**ASSIGNMENT**. Repeat word for word the lines from the one containing "- Axelite sas" to the end of the material below, and leave all pictures out.

(SUPPLIED MATERIAL begins)

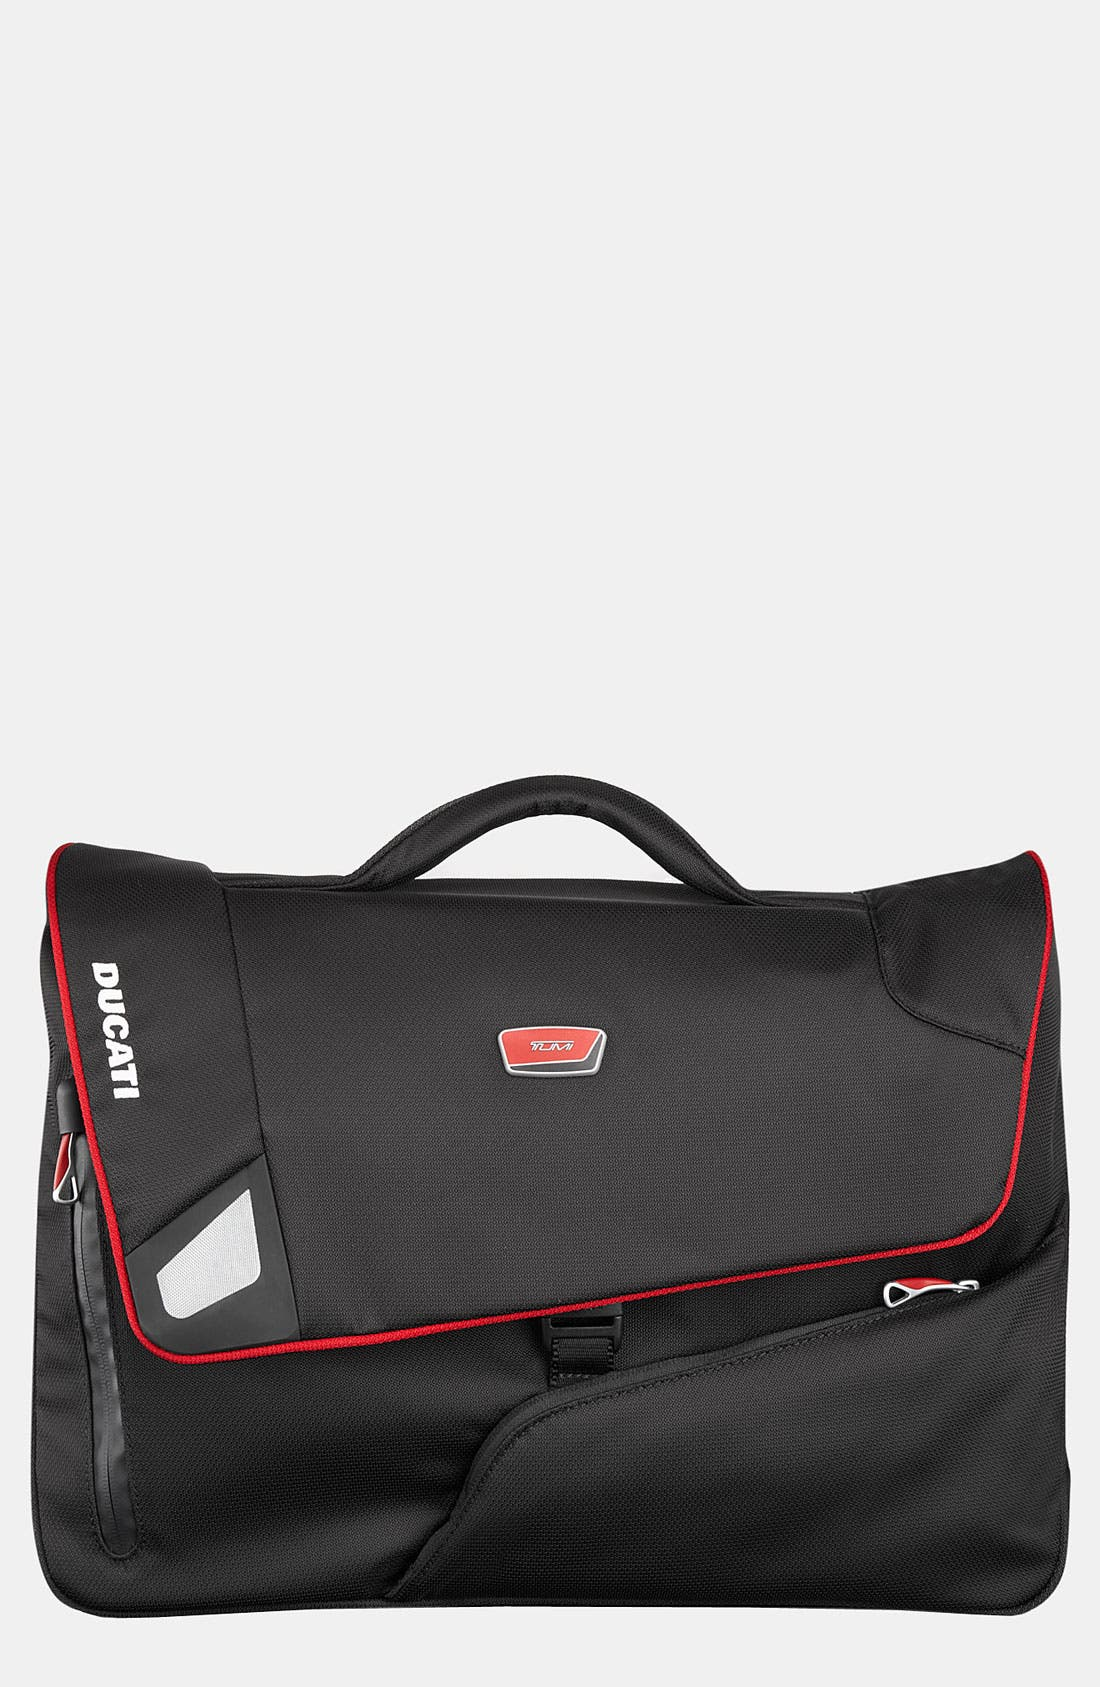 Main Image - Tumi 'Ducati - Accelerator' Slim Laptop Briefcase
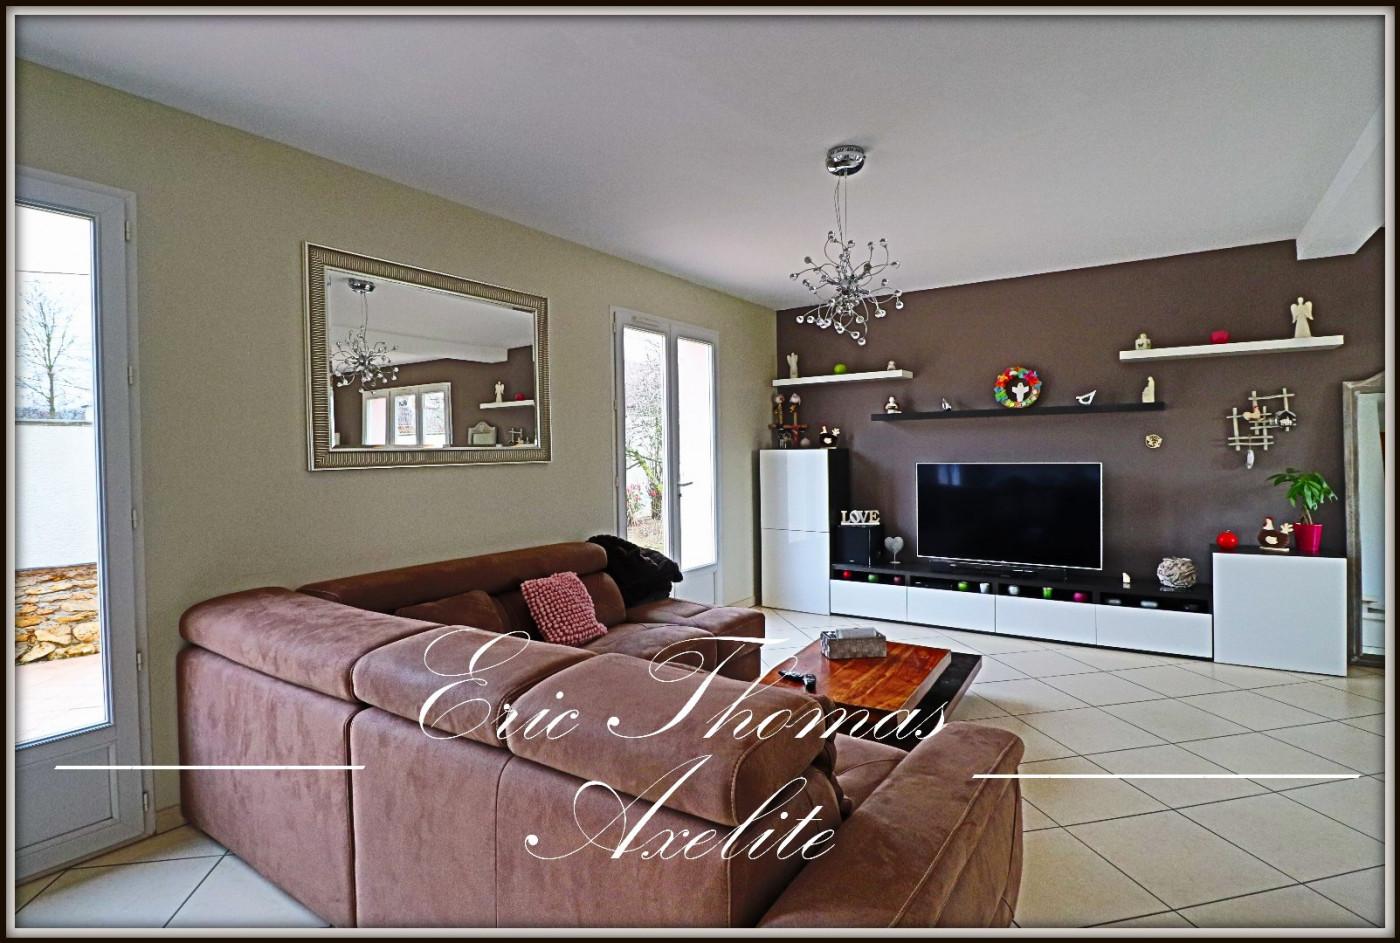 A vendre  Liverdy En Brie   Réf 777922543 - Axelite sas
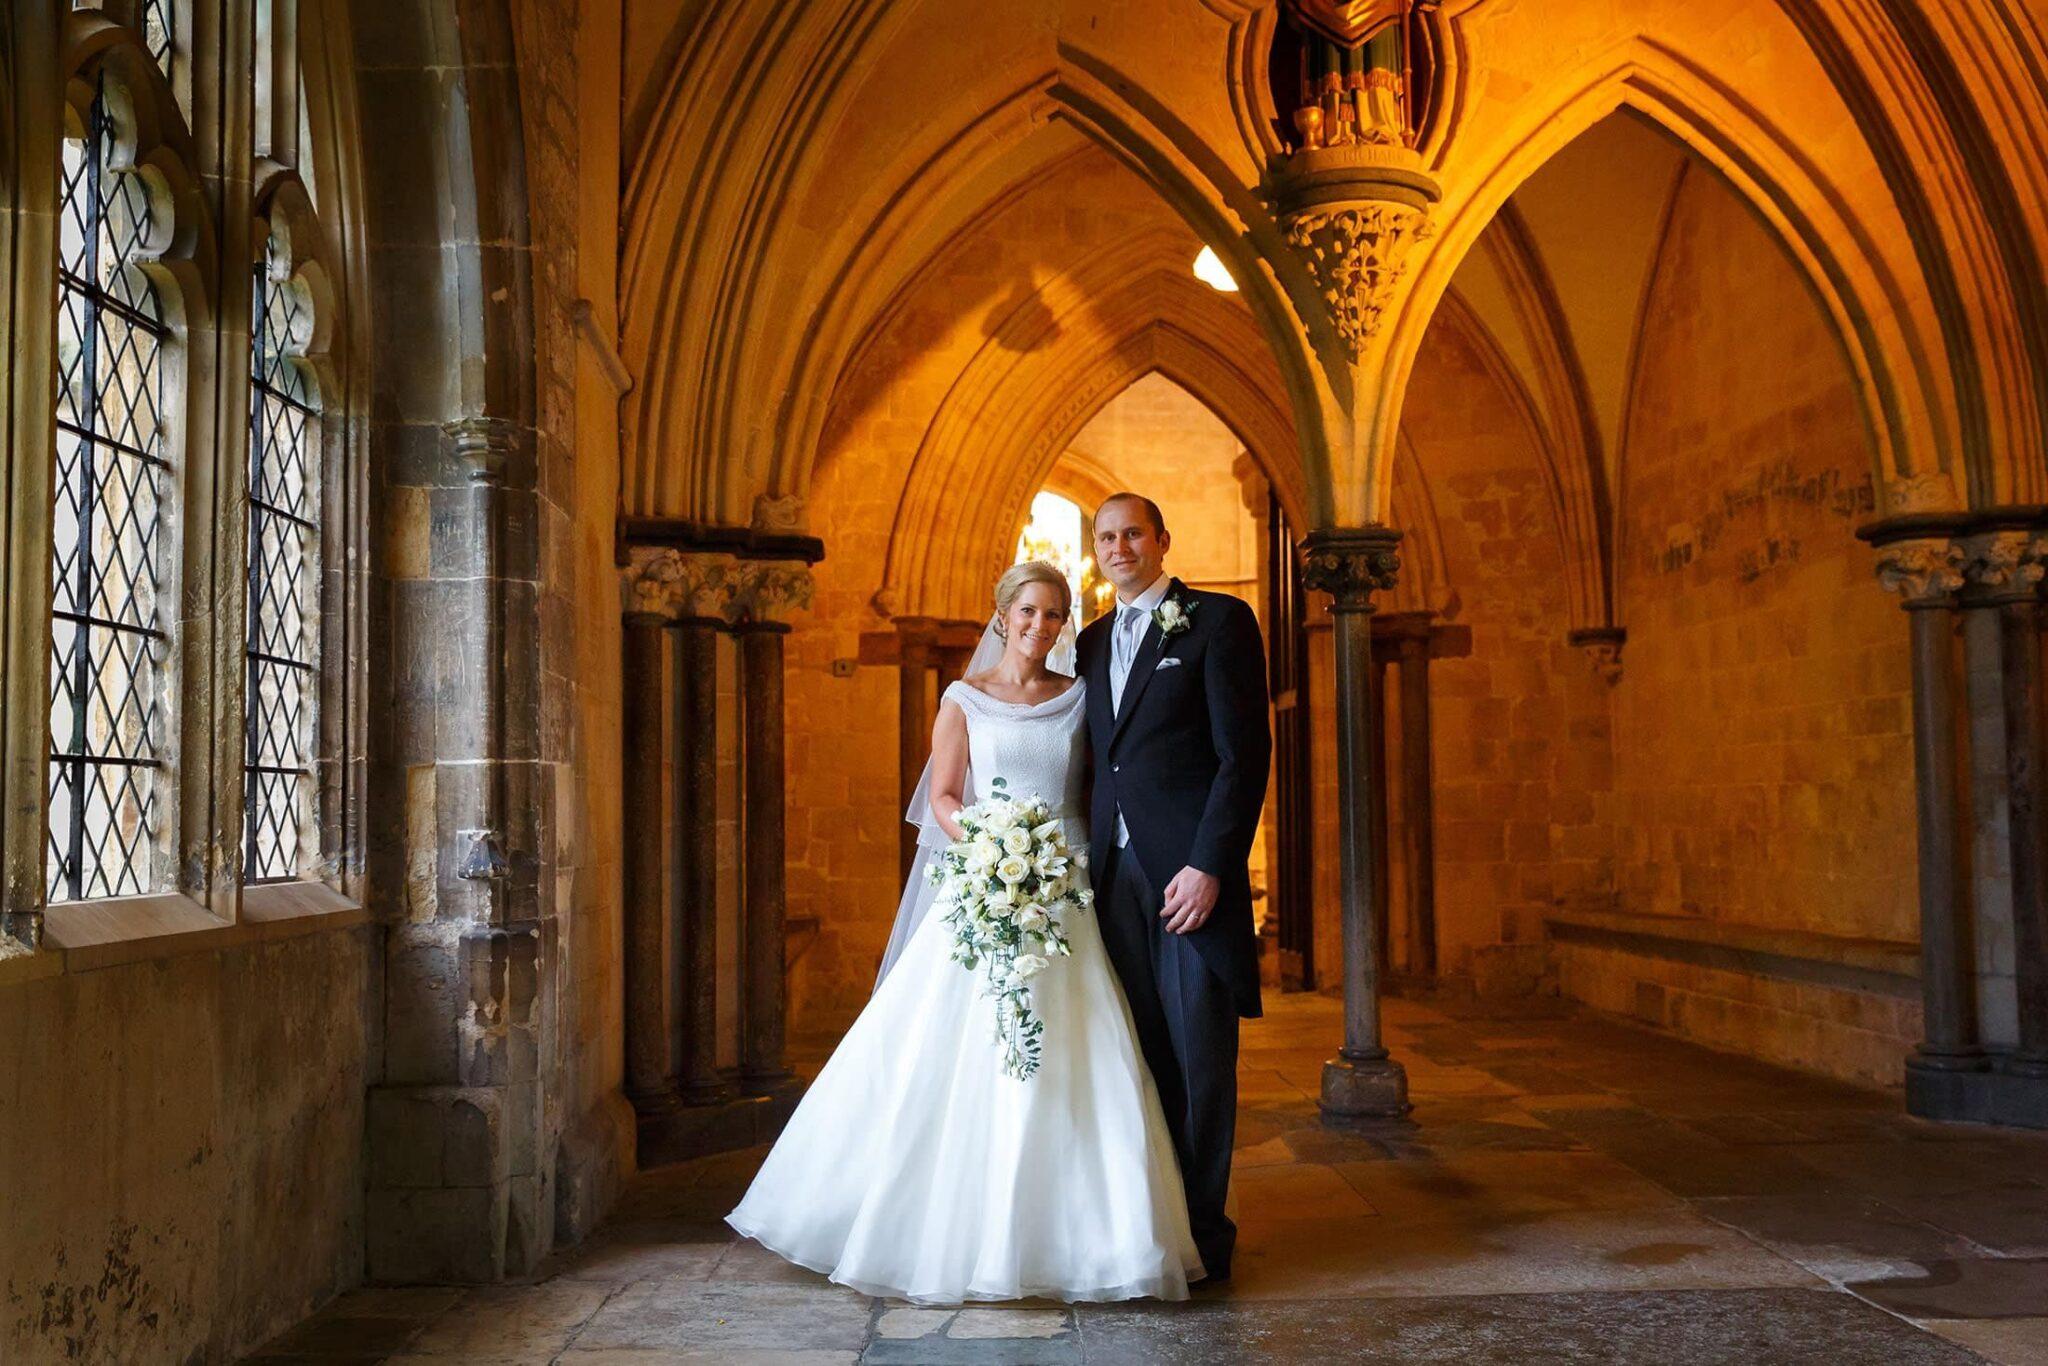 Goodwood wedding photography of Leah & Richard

(SUPPLIED MATERIAL ends)

**RESULT FOR THIS TASK**.
 A vendre  Liverdy En Brie   Réf 777922543 - Axelite sas
 Goodwood wedding photography of Leah & Richard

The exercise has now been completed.